Operator: Thank you. Before we take our next question, I would just like to remind everyone, to register a question, please press star followed by one on your telephone keypad. Our next question is from Christopher Marinac from Janney Montgomery Scott. Christopher, please go ahead, your line is open.
Christopher Marinac: Thanks, good morning. Nicole, just to kind of continue on the same points you were making, what is the cash flow from the securities portfolio, and how much of your funding can you do internally just from that alone?
Nicole Stokes: Give me one second. Sorry for the dead silence for a second. I want to make sure I’m giving you–. Chris, I apologize. I thought I had it right here at my fingertips, and I don’t want to give you the wrong number, so I’ll get back with you on that. But I would say at this point that anything that’s cash flows off the bond portfolio, I would consider reinvesting that into the bond portfolio to kind of still keep it at that 7%.
Christopher Marinac: Okay, that’s helpful.
Nicole Stokes: Yes, and because we had moved our bond portfolio down to less than 3% of assets and we’ve really added that bond portfolio back in over the last six to eight months, the cash flow on that is not as aggressive as you might expect.

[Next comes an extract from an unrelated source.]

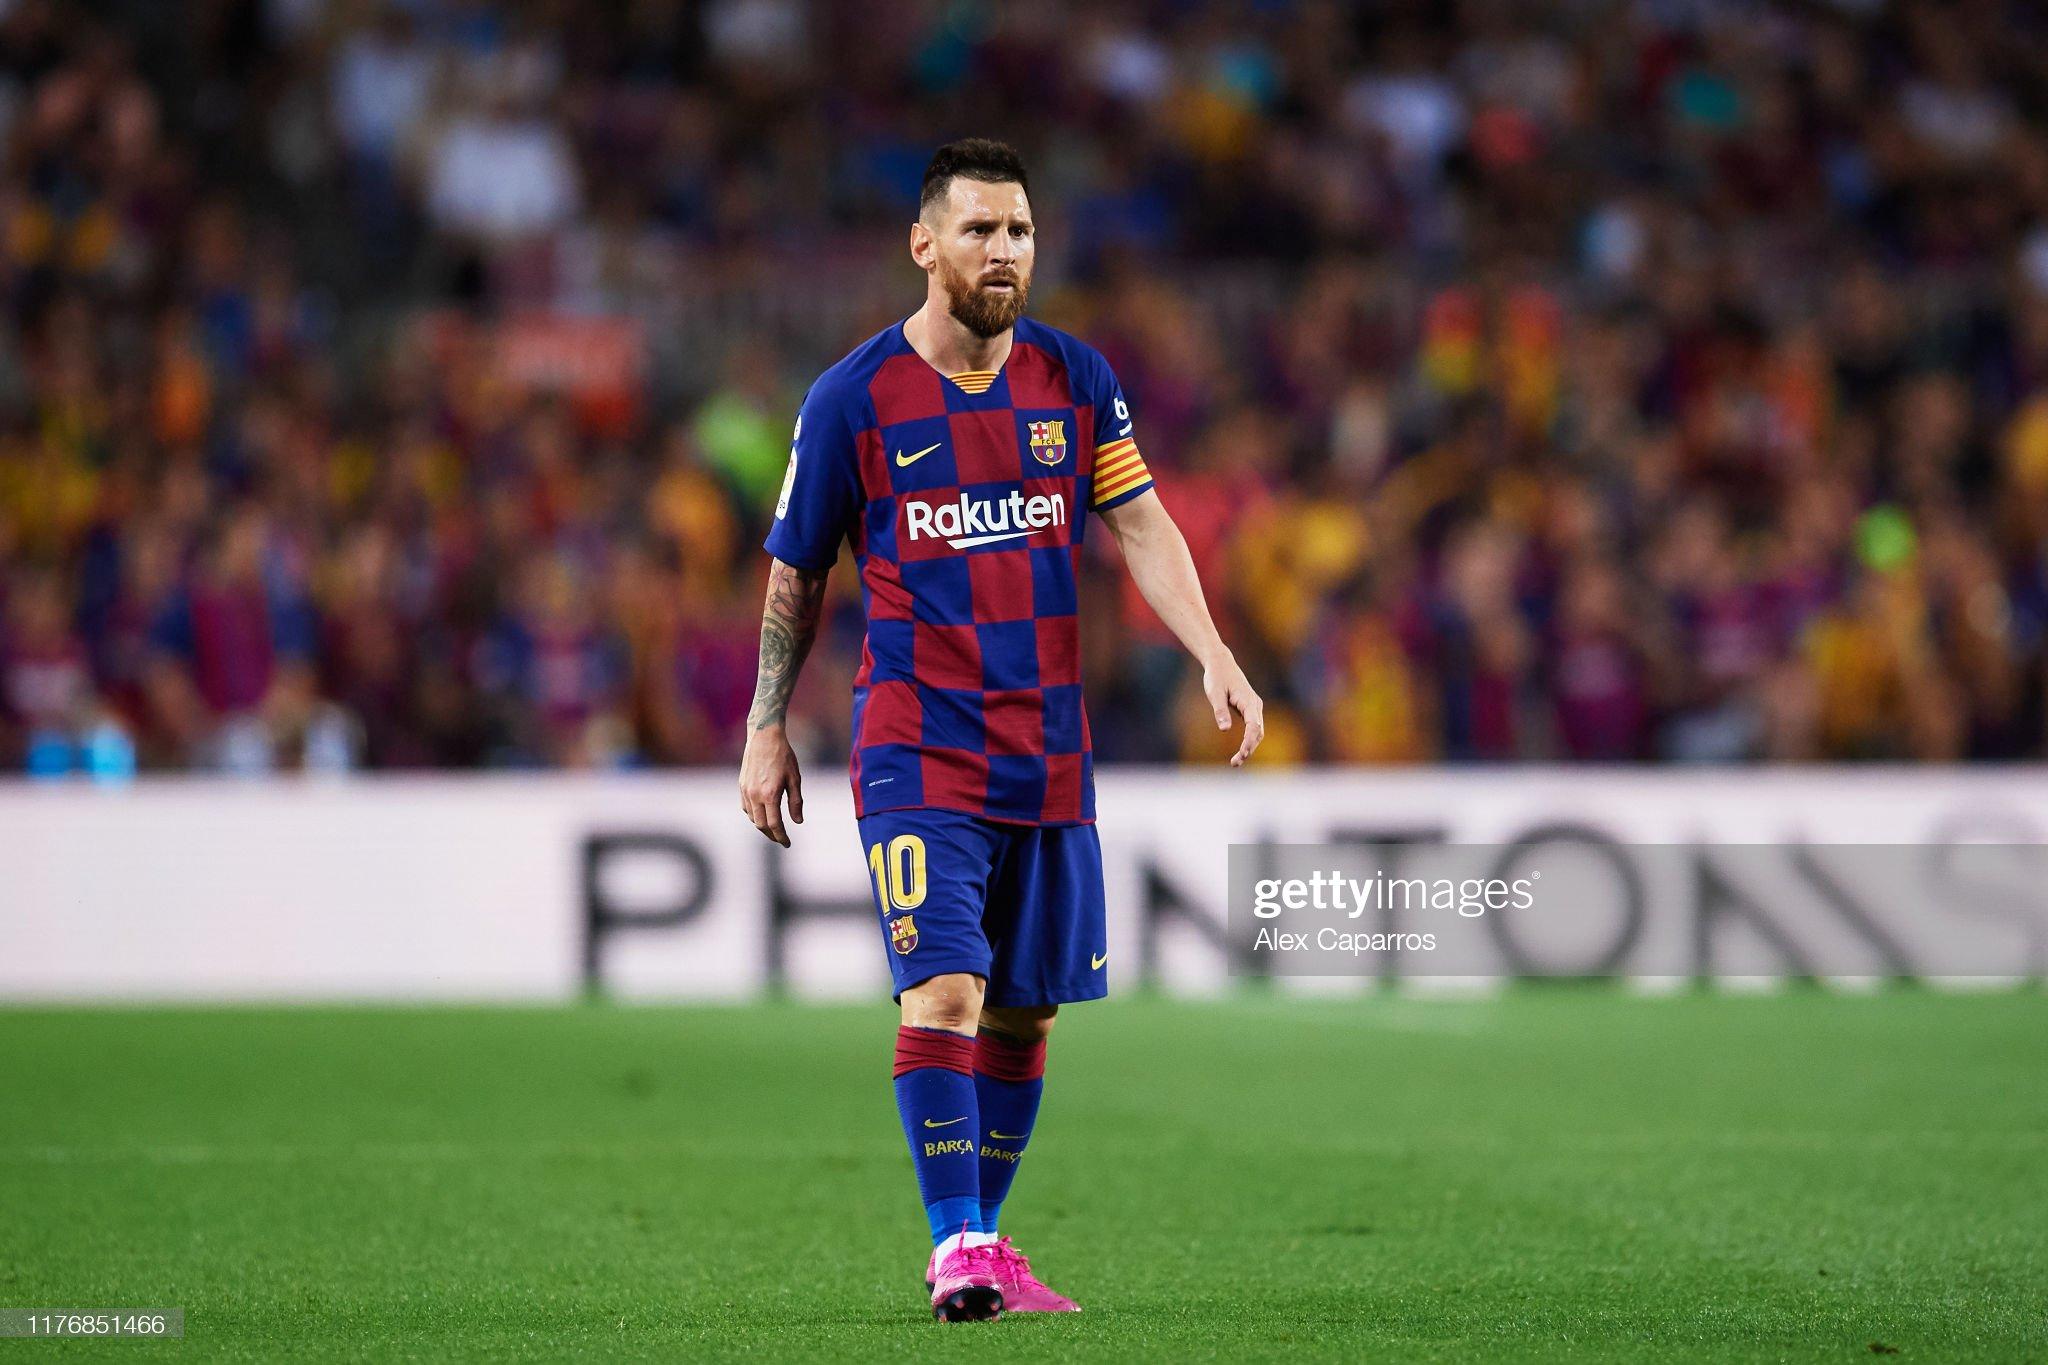 صور مباراة : برشلونة - فياريال 2-1 ( 24-09-2019 )  Lionel-messi-of-fc-barcelona-looks-on-during-the-liga-match-between-picture-id1176851466?s=2048x2048

Christopher Marinac: Okay, not a problem. Thank you for that, that’s helpful. Then outside of the purchase–
Nicole Stokes: Sorry, I was going to mention, the duration on the portfolio is about three years.
Christopher Marinac: Good, okay. Perfect. Then outside of the purchase portfolio on loans, is the pace of commercial loan expansion this year going to be similar to what we saw in the fourth quarter, or would that be different? You had a very successful last year from Balboa and all the other organic sources, so just want to kind of understand if that pace is similar or if it may slow down.
Nicole Stokes: Sure, so we would consider growth kind of among the category split. We still see growth opportunities in CRE as well as our C&I, and as well as our premium finance, FDA. I mean, we really have it diversified across all of the verticals there.
Palmer Proctor: And Chris, you know, one benefit from this cycle, if you want to look at it glass half full, is that it’s allowed banks to kind of step back, obviously be more selective, and we have all intentionally pulled back on CRE. But when you look and you’ve got–you’re limiting how much powder you want to put to use in certain asset classes, what it allows us and all banks to do is kind of have a focus on what they’re going after. Our continued focus on obviously deposits, but more importantly on C&I kind of growth too, is that we’re getting a lot of really good opportunities on the C&I front, so I think you’ll continue to see strong growth there on core organic kind of C&I, in addition to the equivalent finance type of activities.
We’re really encouraged by that. The other reason and benefit in doing that, as you well know, is from the deposit front, so the deposit side of it, we’re really excited about it because a lot of these operating companies are bringing material deposits over to the bank, which includes all of our treasury management services, so that’s really been a bright spot. That’s the focus. We’ve kind of got three pillars for 2023 that we’re focused on, with the first one being deposits-deposits-deposits, and fortunately for our company that’s nothing new, but all our incentive plans have been adjusted to reflect that across the board at a more intense level. They’ve always had a deposit component, which is really the result of that 41% core funding that we have on DDA.